Single-channel video is a video art work using a single electronic source, presented and exhibited from one playback device. Electronic sources can be any format of video tape, DVDs or computer-generated moving images utilizing the applicable playback device (such as a VCR, DVD player or computer) and exhibited using a television monitor, projection or other screen-based device. Historically, video art was limited to unedited video tape footage displayed on a television monitor in a gallery and was conceptually contrasted with both broadcast television and film projections in theatres. As technology advanced, the ability to edit and display video art provided more variations and multi-channel video works became possible as did multi-channel and multi-layered video installations.
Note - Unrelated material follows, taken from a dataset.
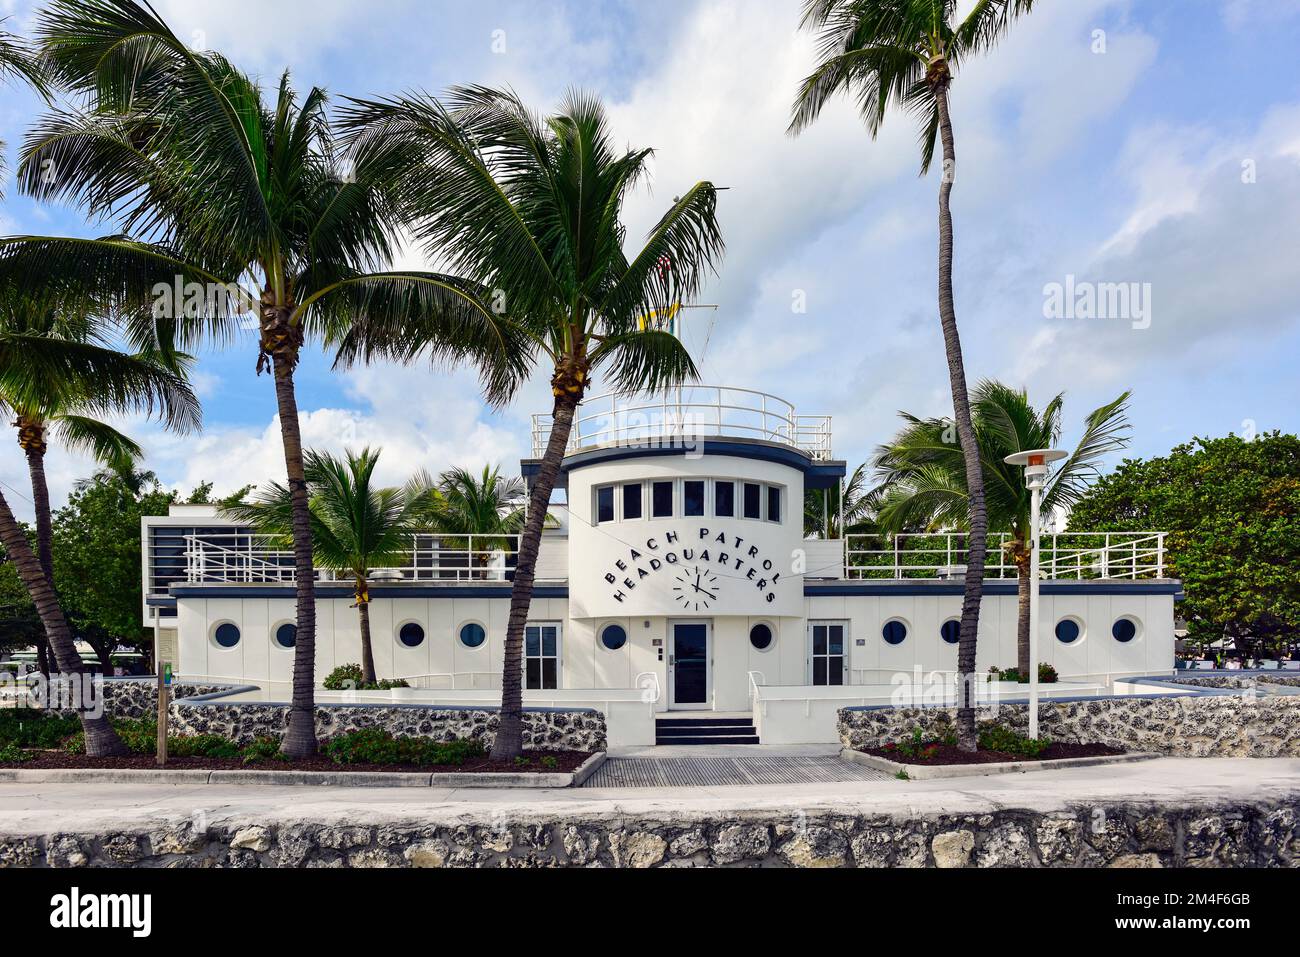 Le quartier général de Beach Patrol dans le quartier historique art déco de South Beach, Miami, Floride. Banque D'Images

However, single-channel video works continue to be produced for a variety of aesthetic and conceptual reasons and the term usually now refers to a single image on a monitor or projection, regardless of image source or production.

==History==

Artists began working with video technology in the 1960s. The earliest works used television sets as sculptural objects but by the late 1960s video recorders became readily available and artists began experimenting with the potential to record performances and conceptual works addressing the medium itself and critiquing broadcast television and commercial film. As more artists worked with video as a medium the problem of exhibition arose. Not being able to project the image as with film, the playback of video tapes was left to monitors placed in galleries and alternative art spaces. Theoretically and commercially, the video tape created problems as tapes were easily duplicated, with no "original" (although a master did usually exist). Video cooperatives and distribution centres emerged following the experimental film model. Unlike film, however, the gallery became the primary venue for video art. As multiple channels became possible, artists continued to work in single-channel, exhibiting in a number of venues beyond the gallery and the term single-channel video has expanded from a video tape played back on a monitor to any work produced from a single electronic source or, in fact, any work consisting of a single moving image regardless of source. Single-channel works that are produced explicitly for playback on a monitor are primarily concerned with narrative or directly addressing the audience rather than providing an immersive experience found in installation works.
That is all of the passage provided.